SUPPLIED DATA.
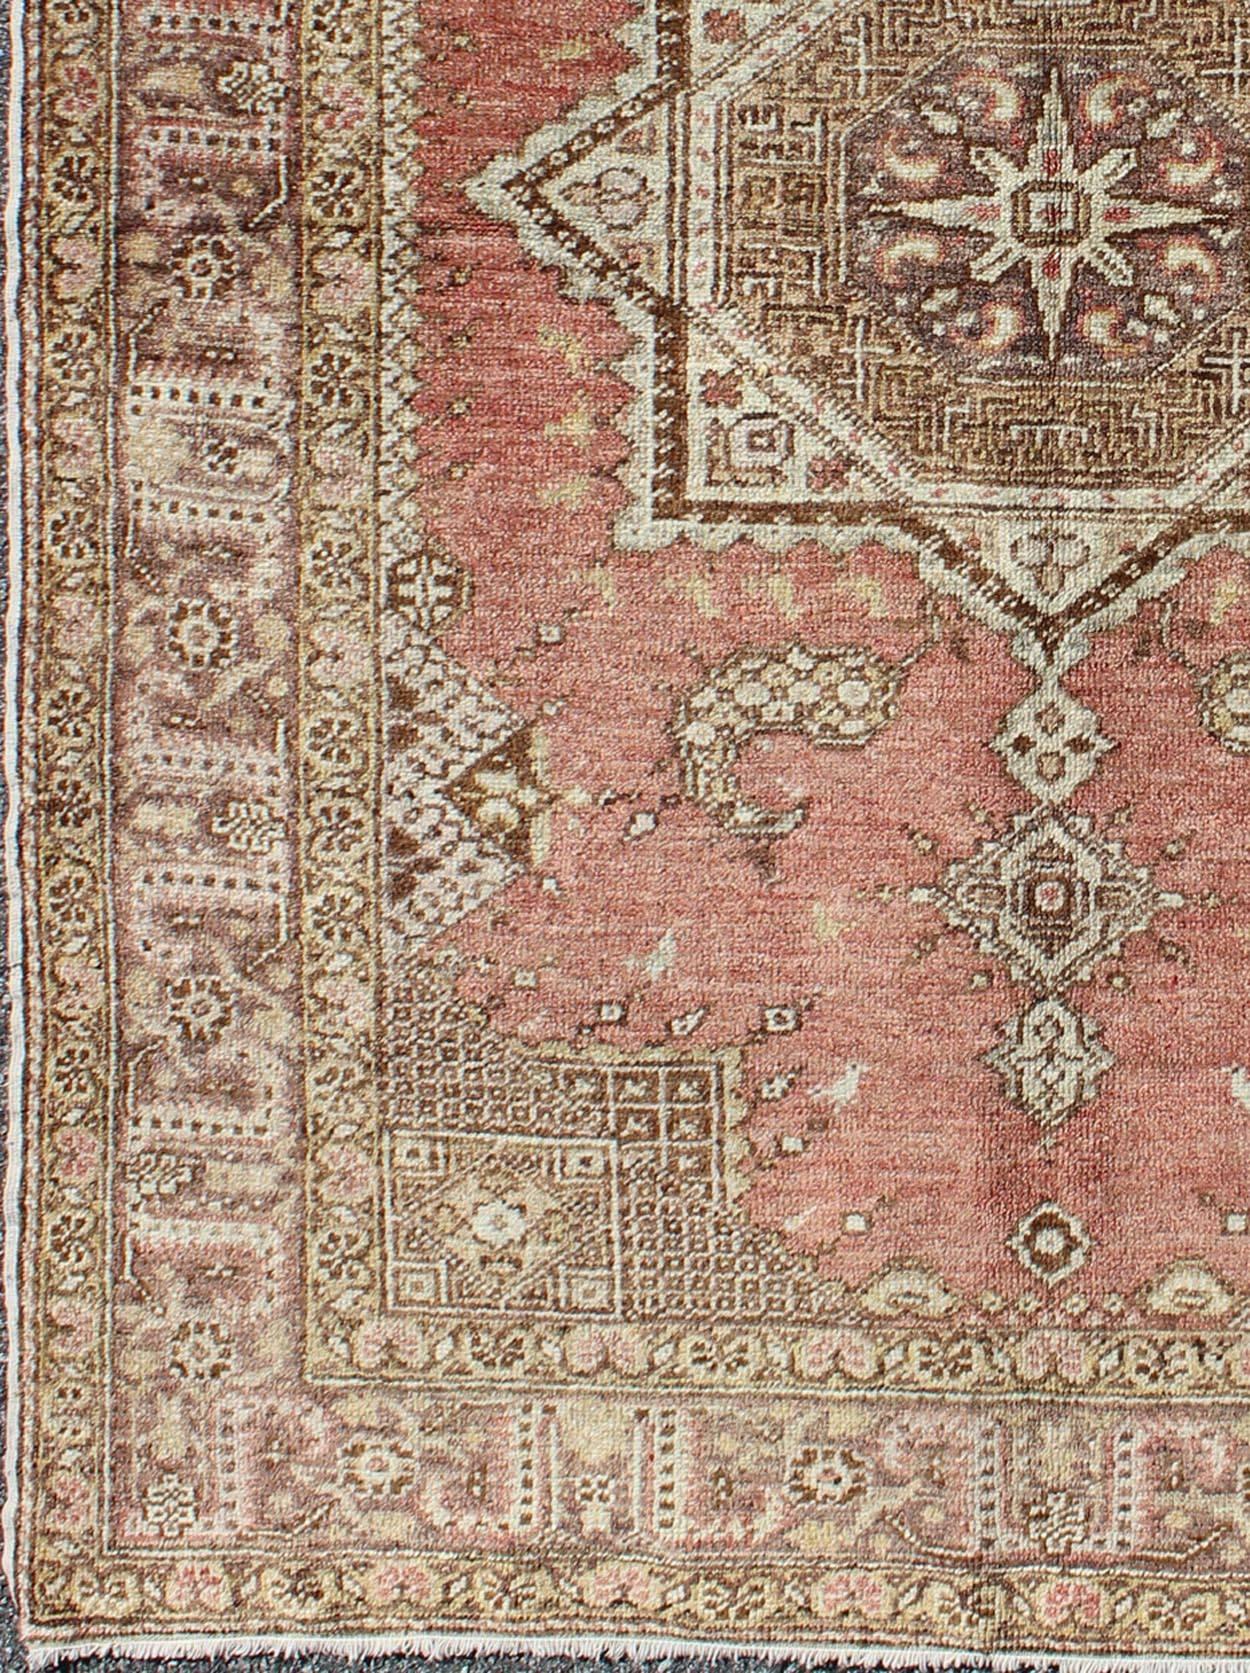 Vintage Turkish Oushak rug with geometric star medallion in red, ivory and taupe, Keivan Woven Arts / rug na-41641, country of origin / type: Turkey / Oushak, circa mid-20th century

This vintage Turkish Oushak carpet (circa mid-20th century)
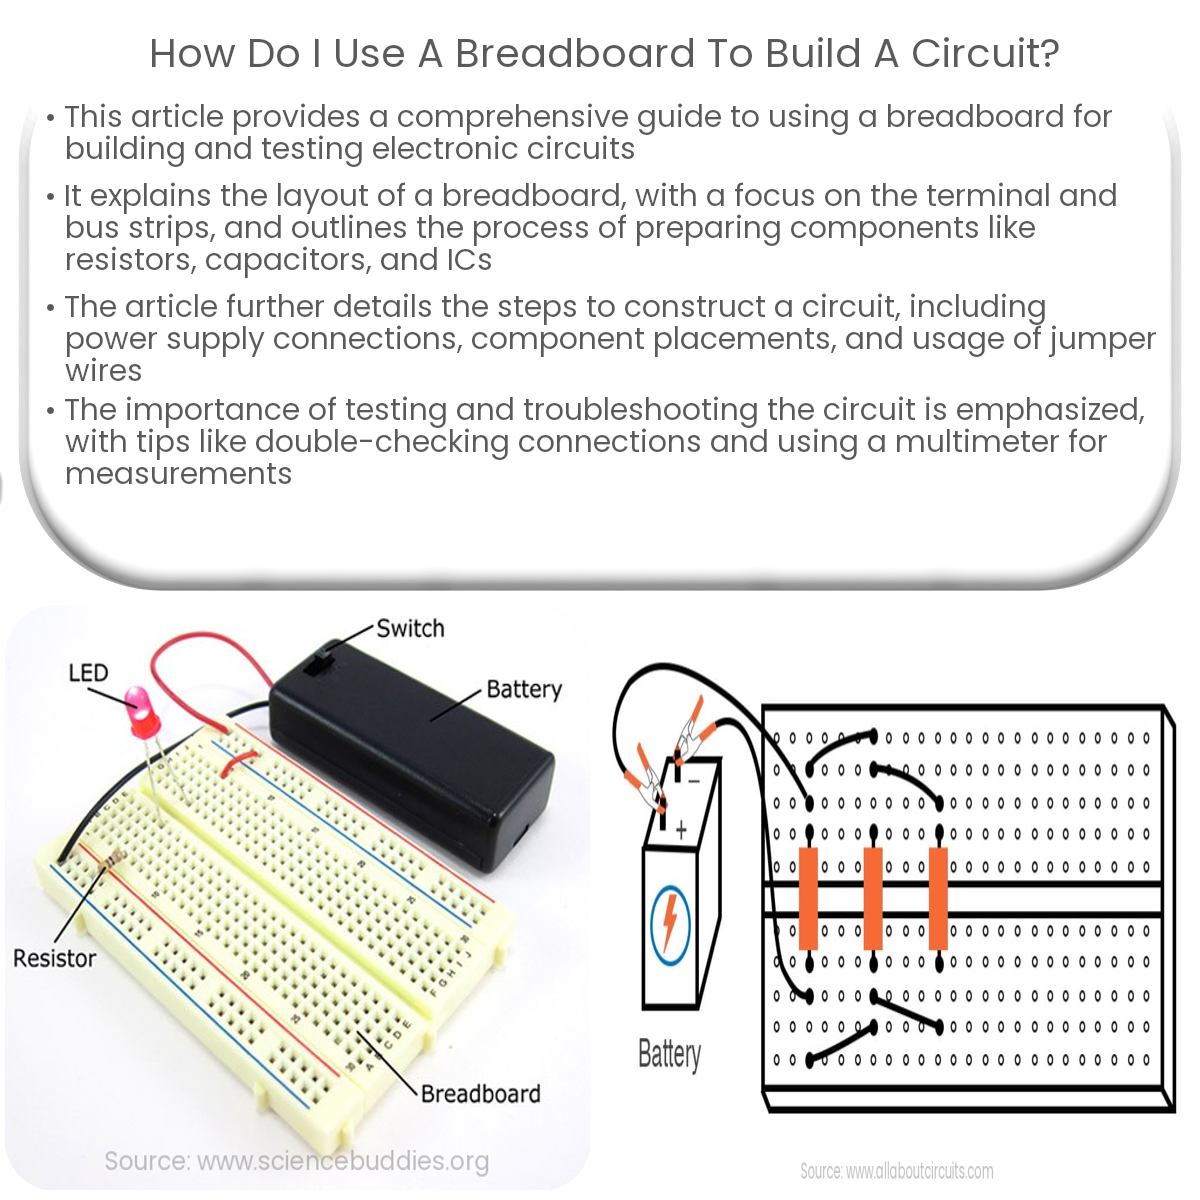 How To Use a Breadboard
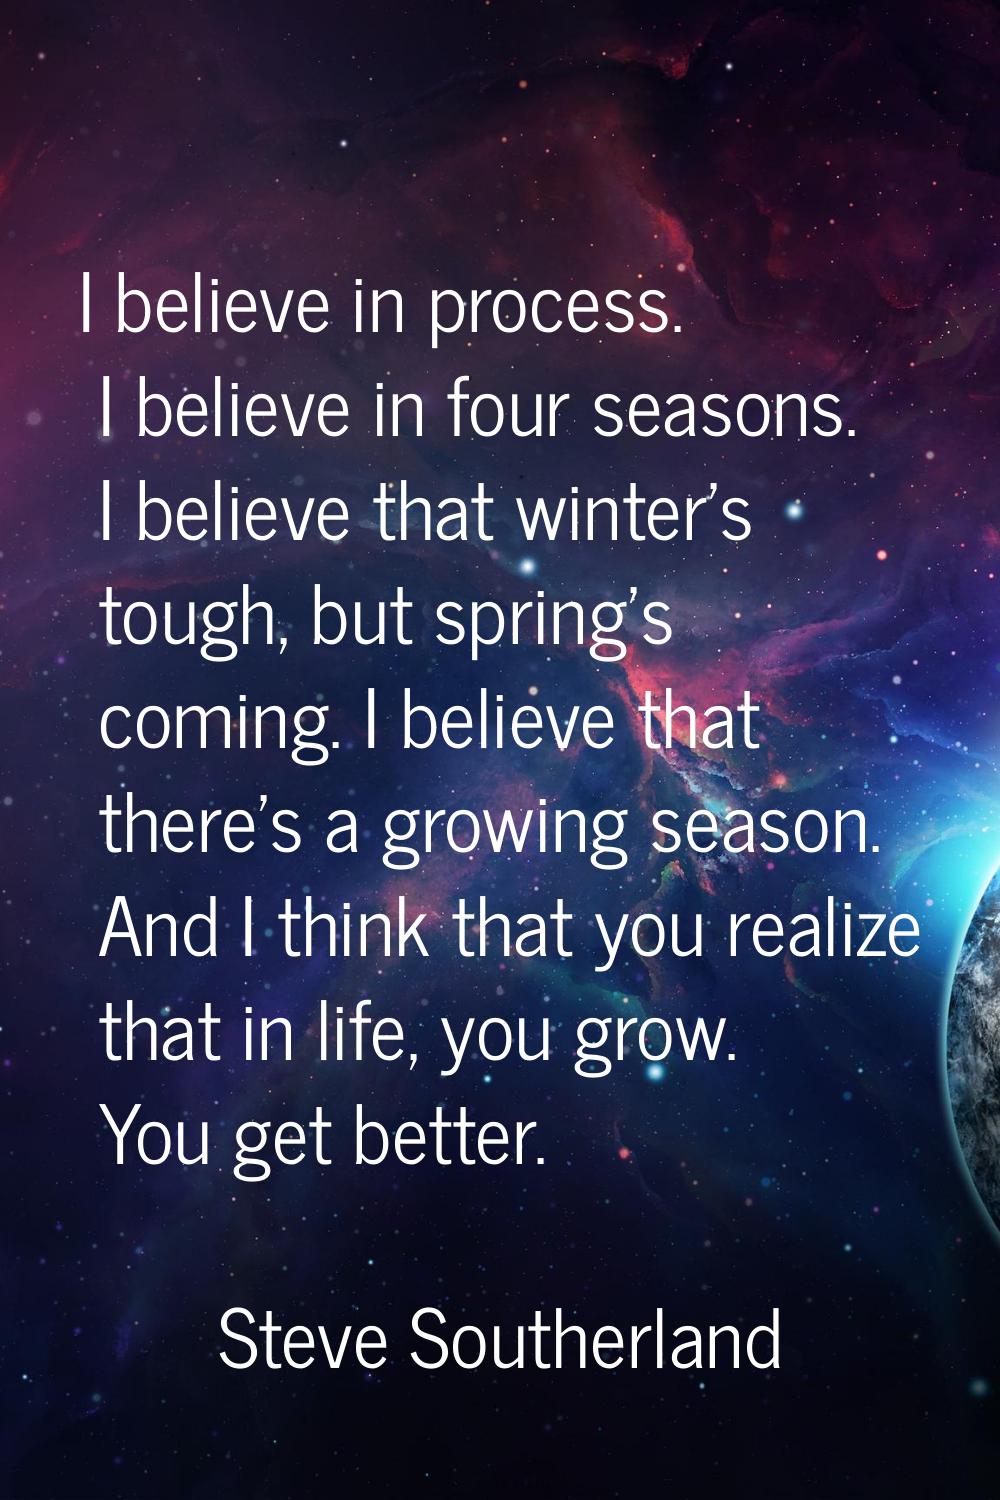 I believe in process. I believe in four seasons. I believe that winter's tough, but spring's coming
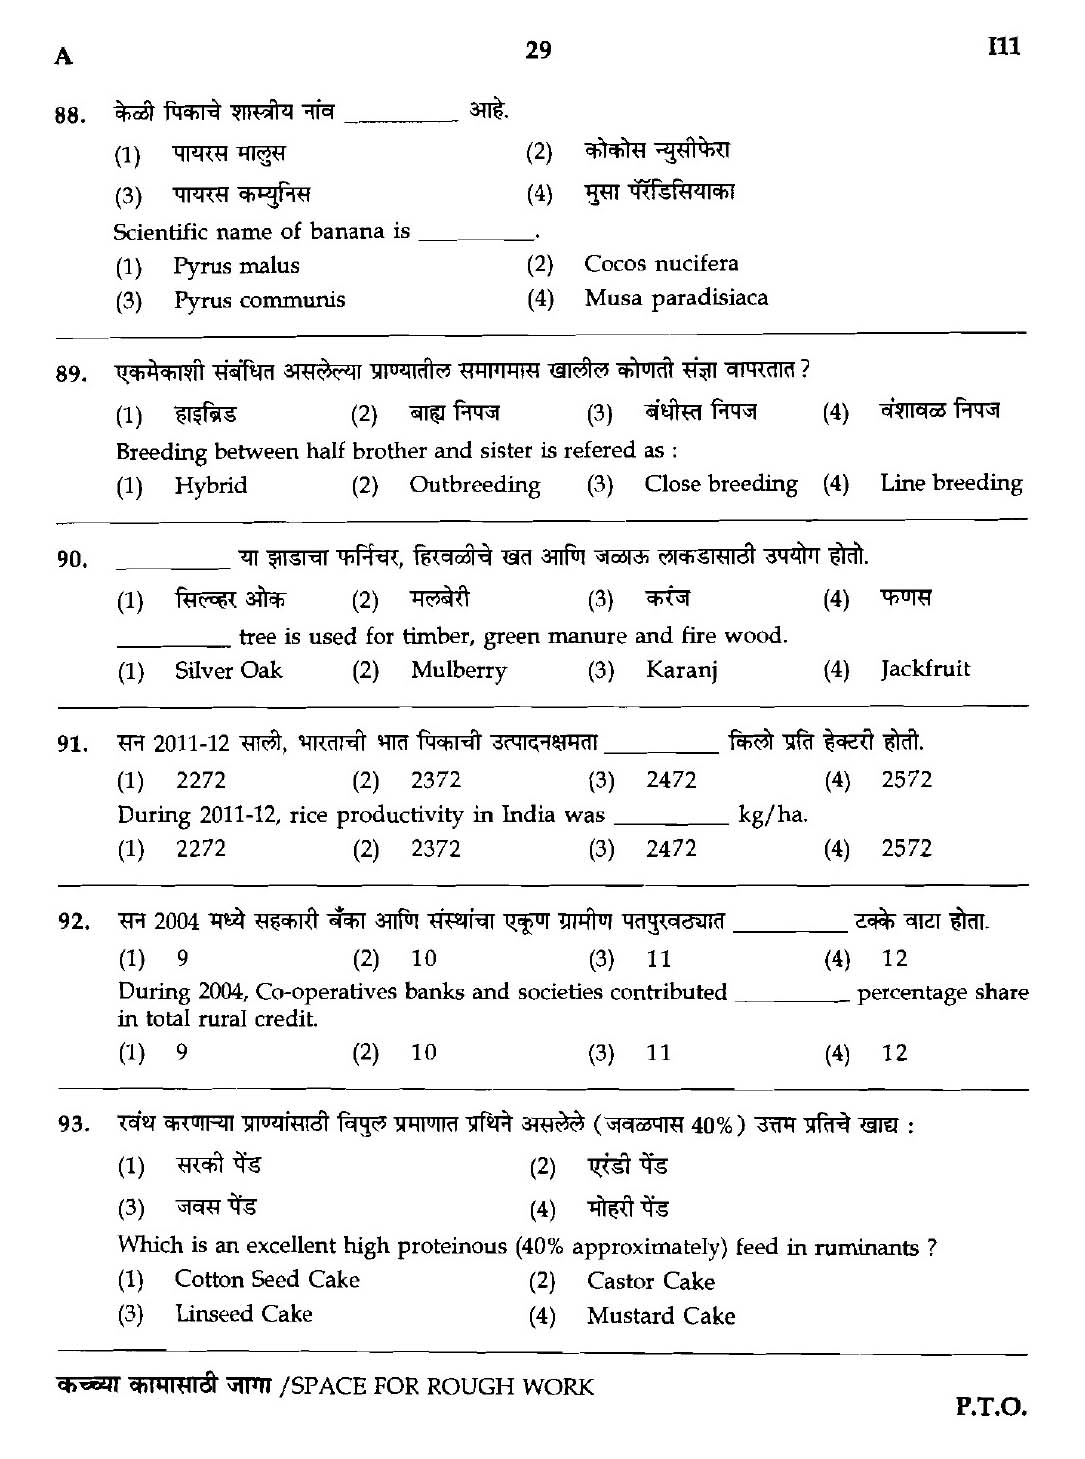 MPSC Agricultural Services Preliminary Exam 2018 Question Paper 28
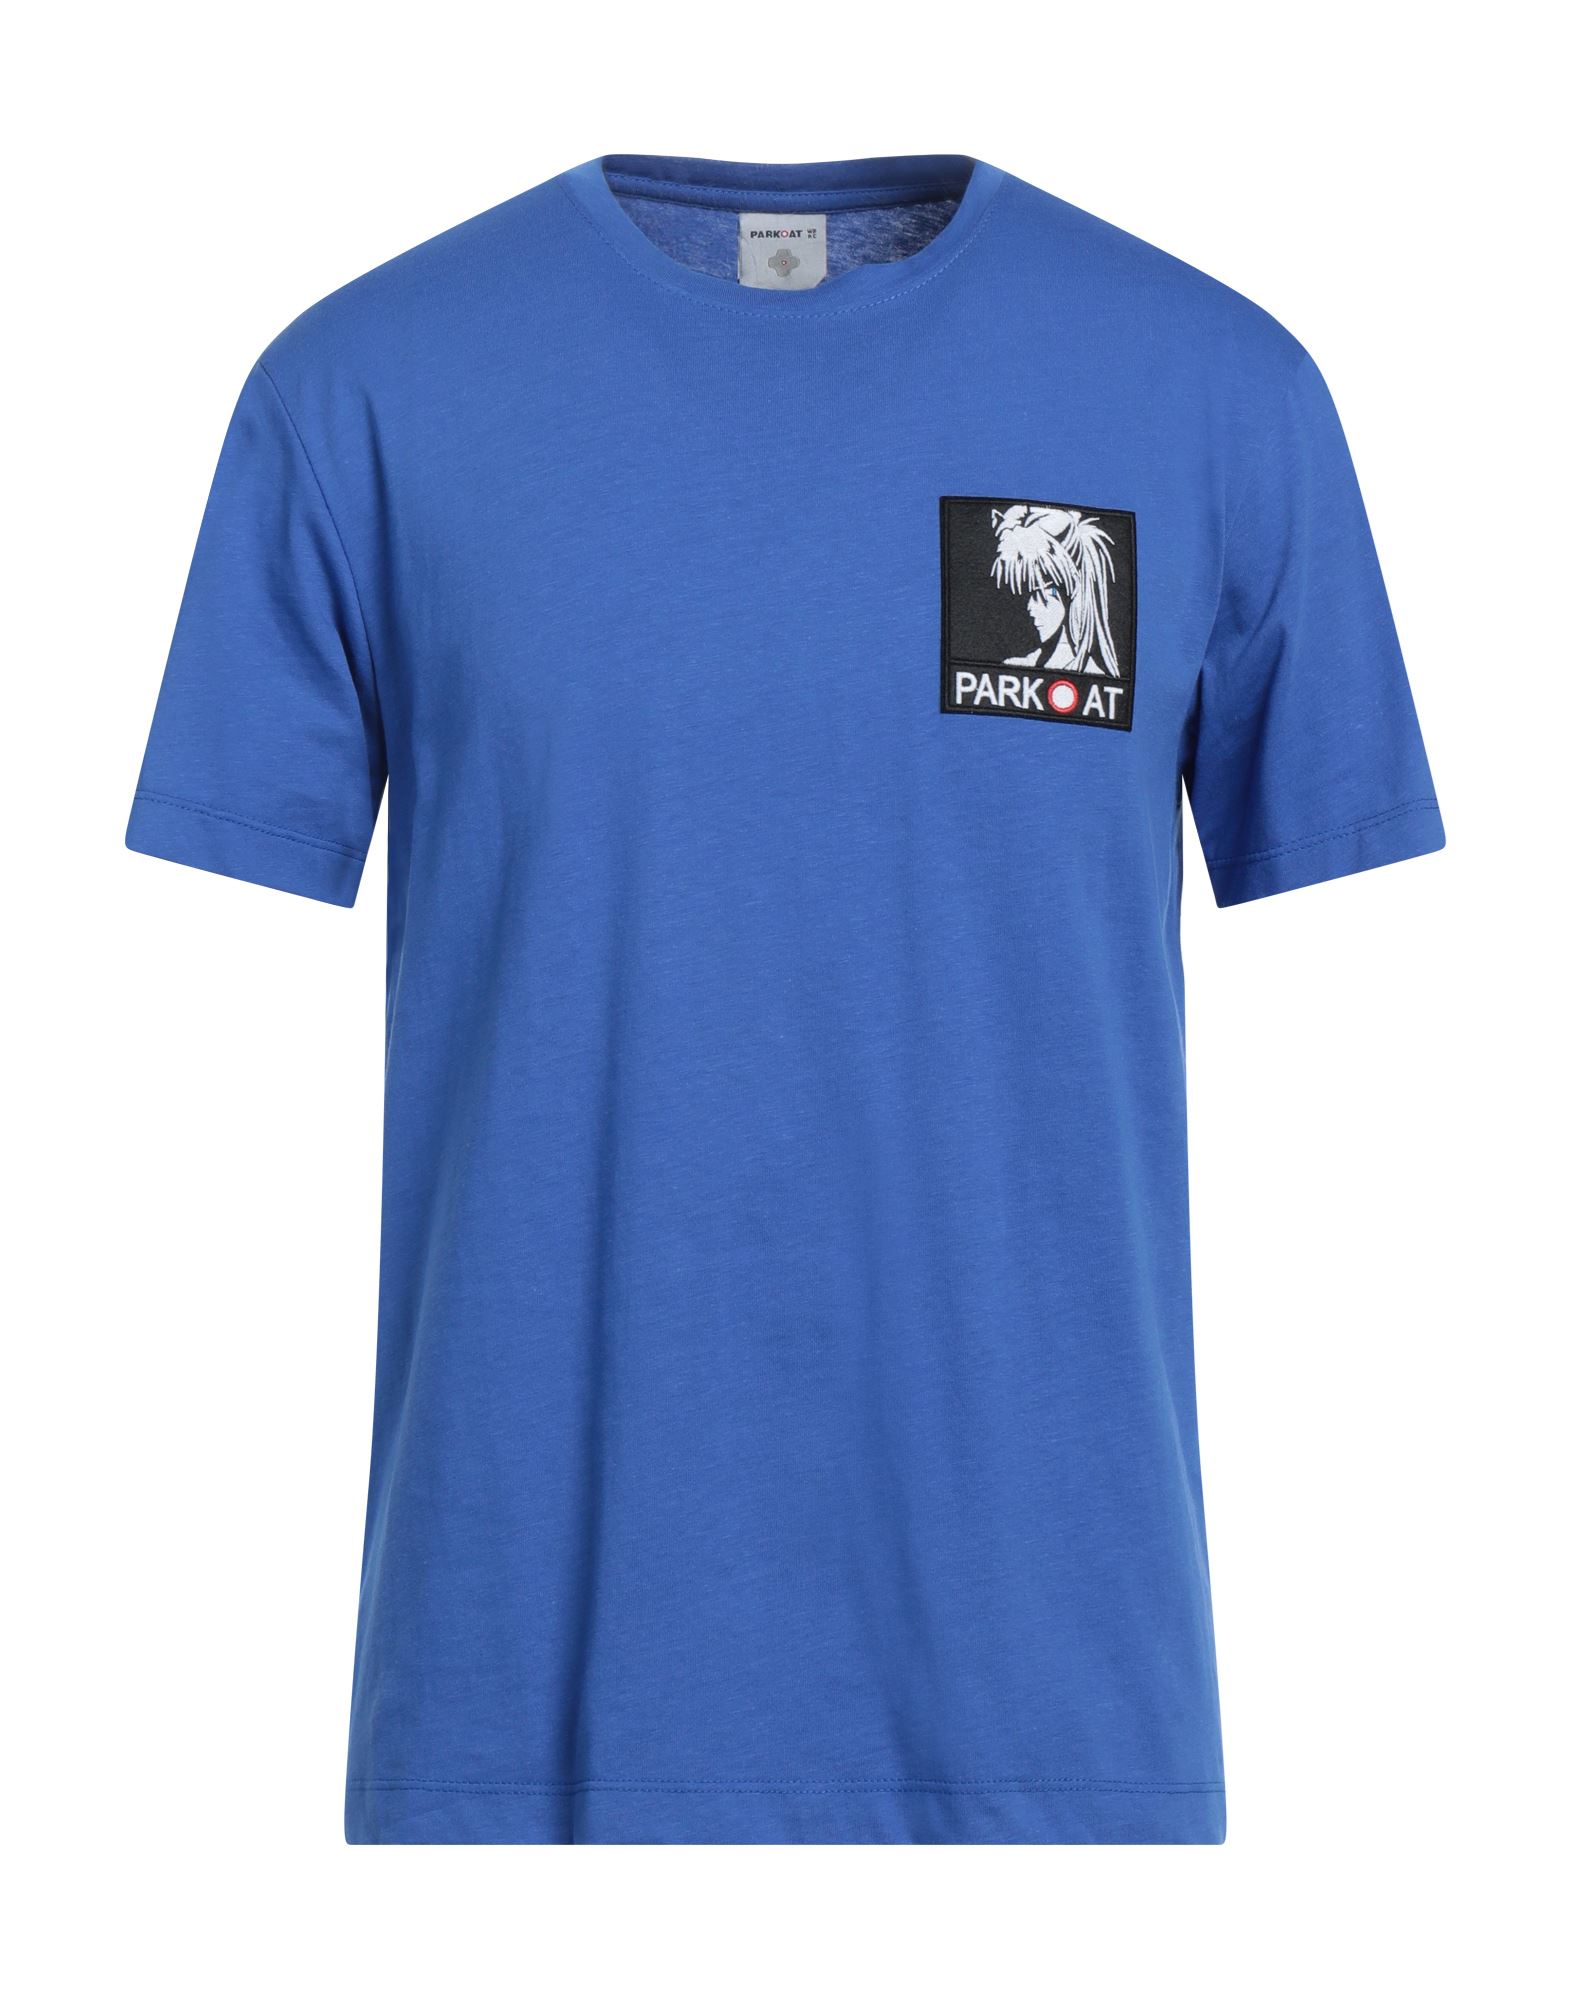 Parkoat T-shirts In Blue

TASK DETAILS. The expected output is the full data above, reproduced exactly with no images.

RESPONSE FOR THIS EXERCISE.
 Vintage Turkish Oushak rug with geometric star medallion in red, ivory and taupe, Keivan Woven Arts / rug na-41641, country of origin / type: Turkey / Oushak, circa mid-20th century

This vintage Turkish Oushak carpet (circa mid-20th century)
 How To Use a Breadboard
 I believe in process. I believe in four seasons. I believe that winter's tough, but spring's coming
 MPSC Agricultural Services Preliminary Exam 2018 Question Paper 28
 Parkoat T-shirts In Blue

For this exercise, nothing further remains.